DNA amplification and library preparation

At the molecular laboratory we first discarded the alcohol from the tubes and let the samples dry on large petri dishes with a sterile filter paper inside a fume hood for 3 h. Once dry, we incubated the samples in a lysis buffer (2 mL buffer ASL (Qiagen) + 250 µL proteinase K) for 14 h at 56 °C with a gentle rotation. Subsequently, we recovered the lysate and rinsed the arthropods with distilled water and 90% ethanol, and we stored them in 80% ethanol. We used 225 µL of the lysate to perform DNA extraction on a KingFisher Duo robot (Thermo Fisher Scientific) with the Cell & Tissue kit (Thermo Fisher Scientific), with an elution volume of 100 µL. We included lysis (empty vial with just lysis buffer incubated alongside the samples) and extraction (just for the robot part) blanks.

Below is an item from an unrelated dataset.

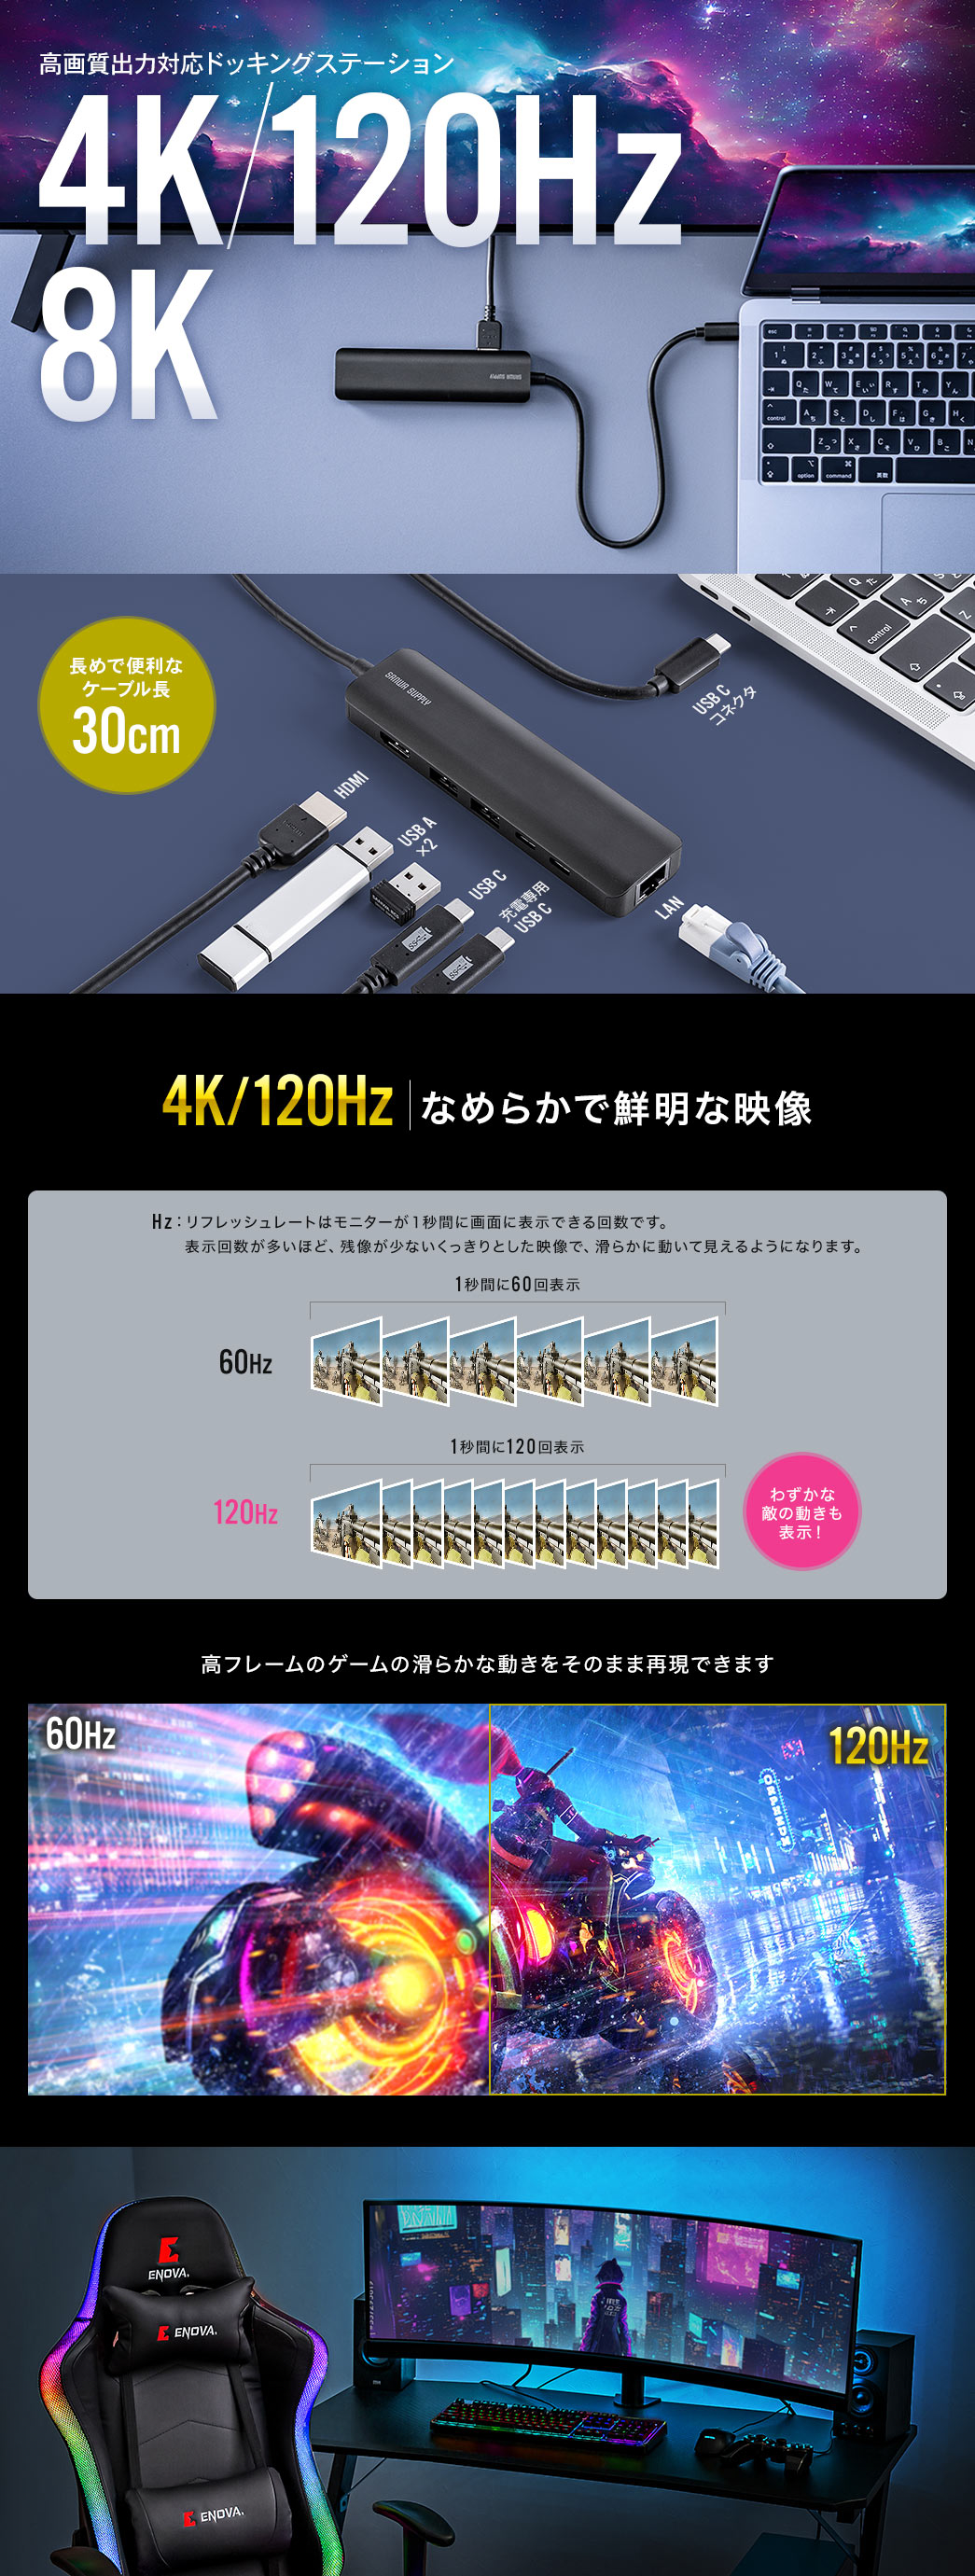 8K 4K120Hz 高出力対応ドッキングステーション 長めで便利なケーブル長30cm 4K/120Hz なめらかで鮮明な映像
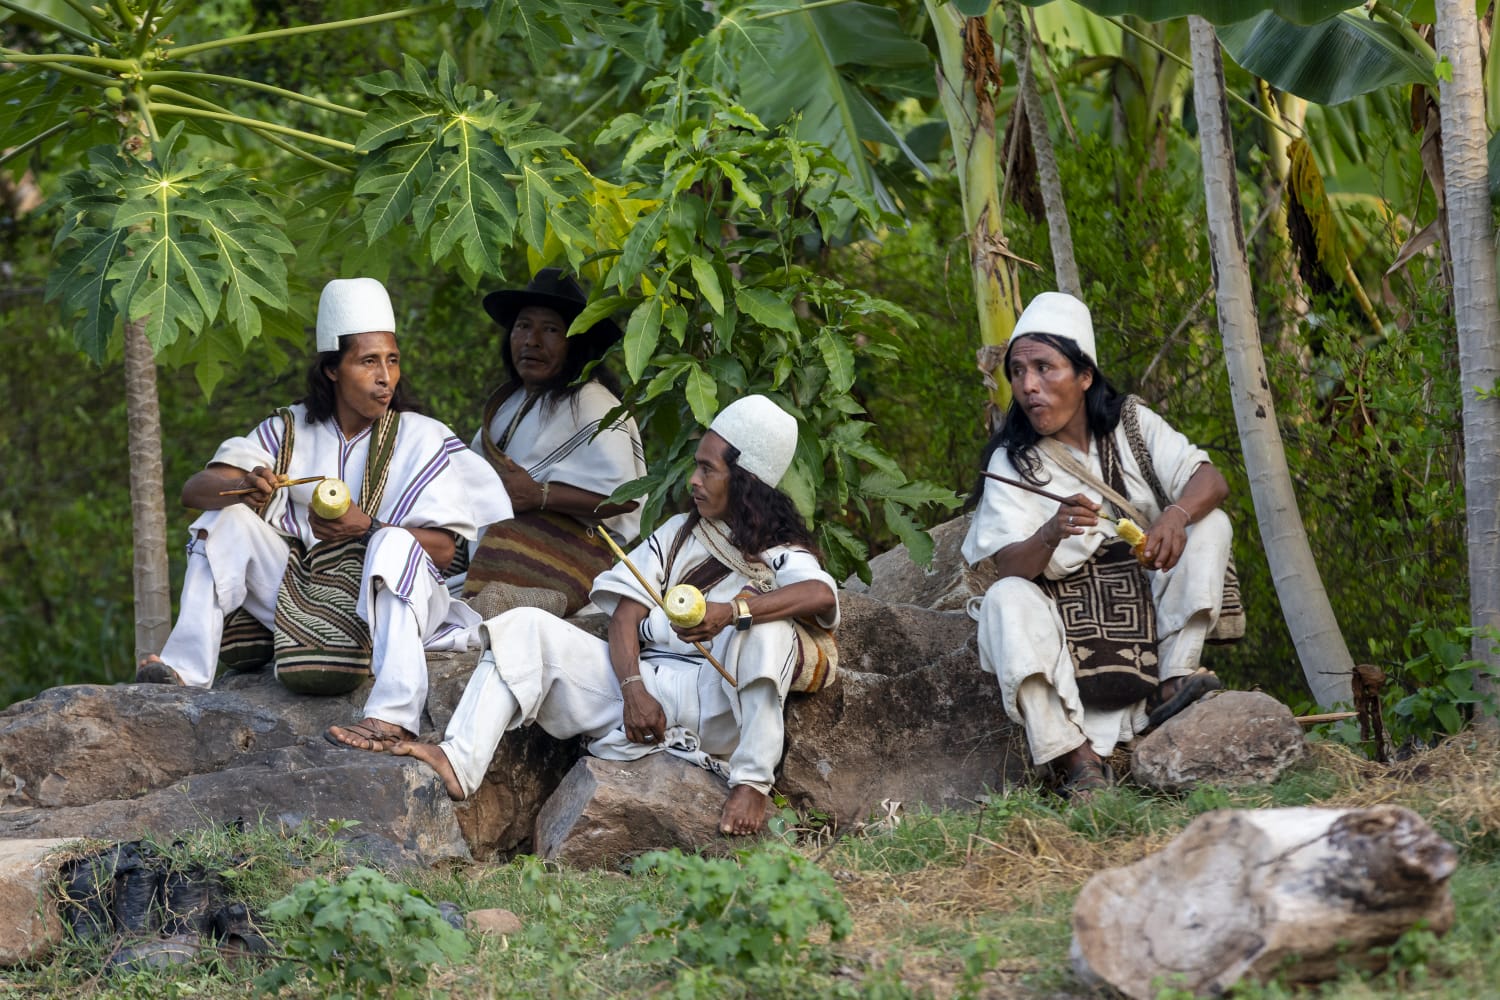 ‘Tejido de paz’ es una iniciativa del SENA con el apoyo de la OIT que propone la hoja de coca para usos como el abono de cultivo

As metabarcoding markers, we amplified two fragments of the mitochondrial cytochrome oxidase I (COI) and the 16S rRNA genes with the primers COIBF2-COIBR1 (Elbrecht & Leese, 2017) and Chiar16SF-Chiar16SR (Marquina et al., 2019b) respectively. Forward and reverse primers for both markers had attached an 8 bp tag at the 5’ end for sample multiplexing (Binladen et al., 2007) (see Table S4 for the multiplexing information). The PCR reactions consisted of one Illustra Hot Start Taq Mix RTG bead (GE Healthcare Life Sciences), 1 µL of each primer (10 nM), 2 µL DNA template and 21 µL of biology-grade water, for a final volume of 25 µL; the temperature protocol was as follows: initial DNA denaturation and Taq activation at 95 °C for 5 min, 40 cycles of denaturation at 95 °C for 30 s, annealing at 48/50 °C (COI/16S) for 45 s and extension at 68 °C for 45 s, and a final phase of extension at 72 °C for 10 min. We ran all PCRs in duplicated, and a blank was included in the batches of both markers. We confirmed PCR amplification in an agarose gel, pooled the replicates together, and measured DNA concentration using a Qubit 3.0 Fluorometer (Thermo Fisher Scientific) with the broad-range reagents. We discarded lysis, extraction and PCR blanks after not producing a visible band in the gels and returning undetectable values of DNA concentration. We then pooled the tagged PCR products equimolarly, and cleaned-up primers and primer dimers using MinElute columns (Qiagen). We prepared libraries with the TrueSeq PCR-free kit (Illumina). We visualized ligation products on a 2% agarose gel, cut the fragments of the desired length out of the gel, and purified them using the QIAquick gel extraction kit (Qiagen). We pooled the libraries to equimolar concentrations and sequenced them on a single Illumina MiSeq lane using 2 x 300 bp paired-end v3 chemistry run at SciLifeLab (National Genomics Infrastructure, Stockholm).